If AI accelerates technical productivity, then higher education must accelerate what it means to be human. That requires a deliberate effort to reframe, teach, and assess human skills as core to the mission of universities.

Solutions by Role

How do we move from critique to action? We need to think about what faculty, advisors, administrators, and even ourselves can do differently.

Faculty and the Classroom

  • Integrate AI with critique: Design assignments where students use AI to generate drafts or summaries but must then analyze bias, cultural framing, or ethical gaps.

  • Assess collaboration and adaptability: Group work should not be an afterthought. Grade students on how they resolve differences, adapt to challenges, and lead with empathy. Being a team player was the top skill rated by employers in the McGunagle & Zizka (2020) study; verbal communication, problem-solving, and being proactive also ranked very highly. If faculty do not design assignments and assessment that give students feedback on these, graduates may be underprepared despite strong technical skills. Design comprehensive human skills assessment by creating rubrics for collaboration, empathy, adaptability, and cultural sensitivity in both group and individual assignments. Train students to give peer feedback on communication and teamwork, making these skills visible and improvable across all coursework.
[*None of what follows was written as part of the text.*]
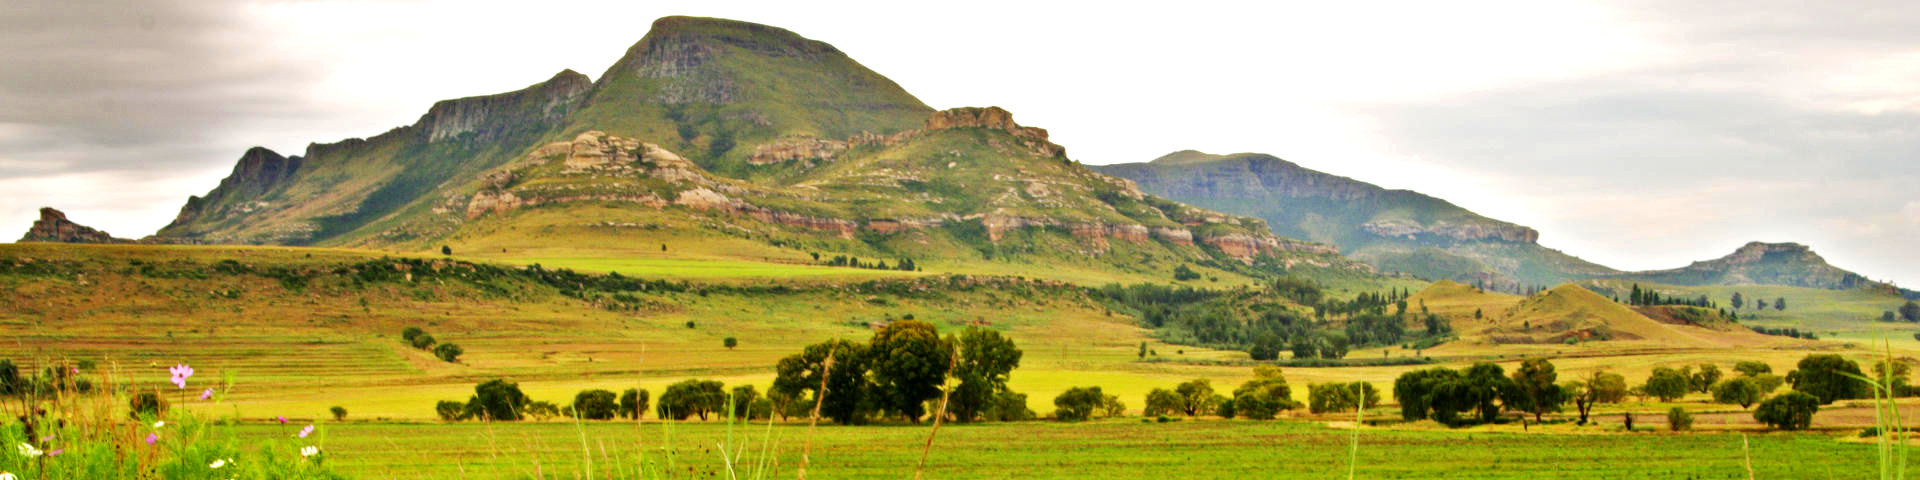 Bloemfontein south africa hero

    • I, for one, have created a rubric for our study abroad faculty to integrate into their syllabus and guide them on outcomes and assessment for their faculty-led programs.

  • Teach reflection explicitly: Encourage students to articulate how they grew in resilience or intercultural competence, not just what content they mastered.

  • Use "AI + human" project structures: Have students complete a technical task with AI, then present findings to a diverse audience requiring cultural translation and empathy.

Advisors

  • Help students craft growth narratives: Use frameworks like “When I encountered X challenge, I developed Y skill by Z approach” and guide perspective-taking exercises about their impact on host communities.

  • Model empathetic advising: Advising itself is a human skill laboratory. Active listening, reframing, and guiding students to their own agency models what they must practice in the workforce.

  • Contextualize AI as a collaborator: Reinforce that AI is a tool that still requires judgment, relational nuance, and ethical boundaries.

  • Practice "perspective-taking exercises": In advising sessions, ask students to consider how their experiences, either at home or abroad, looked from their community or host community’s perspective.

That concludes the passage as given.